Втроем они перенесли пострадавшего в комнату и уложили на кушетке. Мать сейчас же принялась стаскивать с него порванное пальто, валенки, а Оленька метнулась в кухню, принесла полотенце, стала обтирать кровоподтеки на лице, пока вдруг не увидела зловеще-глубокую ранку ниже виска. Тогда она сбегала в кухню, где находилась аптечка, принесла йод и смазала висок. Однако руки ее дрожали, поэтому несколько лишних капель упало в глубь ранки. Несчастный дернулся, вскрикнул, и глаза его раскрылись от нестерпимой, но спасительной боли. И голубизна их, а главное, брызнувший из них лучистый огонь поразили Оленьку; поразило и все лицо незнакомца.
«Как же он красив! — подумала она. — Но как необыкновенно, по-мужественному красив!»
В самом деле, несмотря на боль, точно бы назло ей, под давлением скрытой силы жизни, победительно проступали сквозь гримасу страдания и мертвенную бледность тонкие и смелые черты. В строгой прямизне носа, в узкой линии сомкнутых бескровных губ угадывалась гордая непреклонность; от острого же подбородка с ложбинкой посередине (она казалась незажившей меткой от удара) веяло энергией упрямого мужества.
— Ну, что уставилась? — усмехнулся отец, появляясь с поллитровкой. — Сделала свое дело, теперь спать ступай. Мы одни управимся — натрем добра молодца, всю застуду враз выжгем.
Вздремнула Оленька лишь под утро, да и то ненадолго: на кухне разговаривали.
— Уж какая тут работа? — твердил глухой отцовский голос. — Ты и на ногах-то едва держишься!.. Вон и глаз у тебя затек!
— Нет, надо идти, — убеждал молодой сильный голос.
— Пойдешь — опять небось всыпют. Лучше сказывай: кто тебя так разделал? За что?
— Это мое личное дело… До свидания!
— Фу-ты, упрямец какой! Да ты хоть чайку испей. А тут, глядишь, и дочка проснется. Ведь она — твоя спасительница. Без нее ты, может, лежал бы сейчас бесчувственный, как колода.
— Я потом поблагодарю. Сейчас моя смена. Надо спешить.
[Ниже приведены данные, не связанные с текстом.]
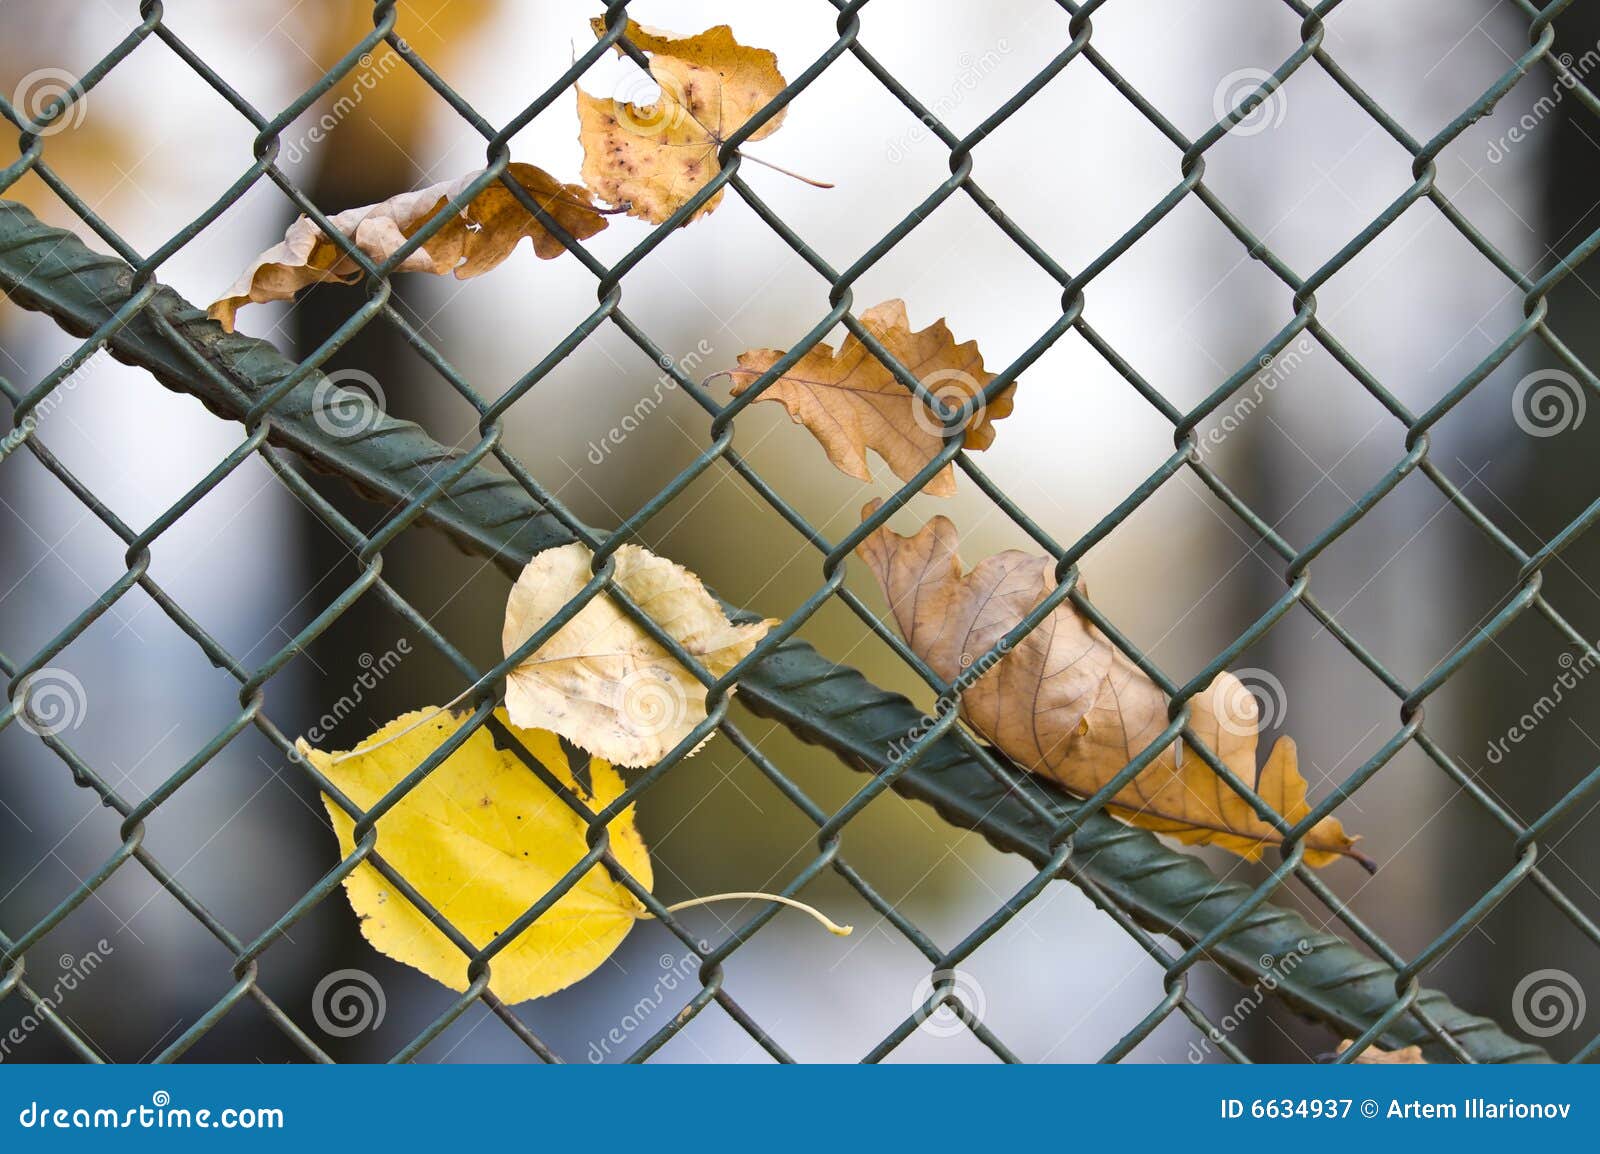 Metal net fence stock image. Image of gauze, fence, metal - 6634937
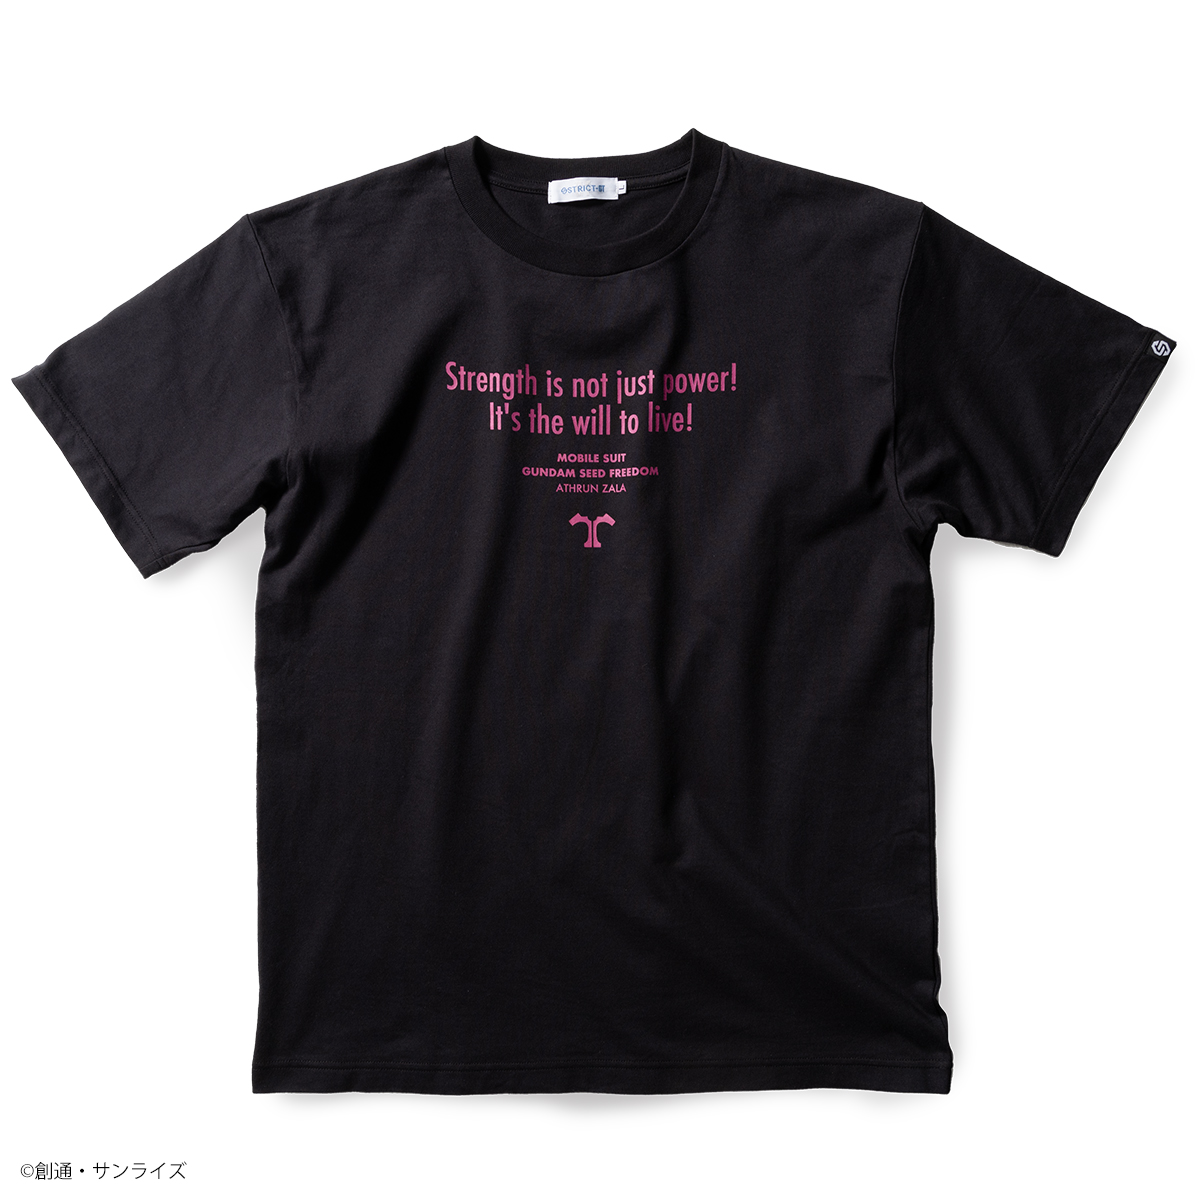 『機動戦士ガンダムSEED FREEDOM』よりFamous Lines第4弾となる劇中の名セリフデザインの新作Tシャツが登場!

— Да палку-то хоть возьми! Все-таки опора.
— Палка — это хорошо. Палку давайте.
Хлопнула дверь. Ольга вздрогнула и, встревоженная, сразу же вскочила с кровати, мигом оделась, кинулась в прихожую под оклик отца, но второпях не отозвалась: надо было пойти следом за парнем, чтобы при случае помочь ему!..
Однако она опоздала: по главной улице поселка, в дымке морозного утра, медленно и тяжко двигался людской поток, успевший вовлечь в свое неукротимое течение избитого парня и теперь уносивший его в конец улицы, к заводской проходной, где морозная дымка смешивалась с дымом труб.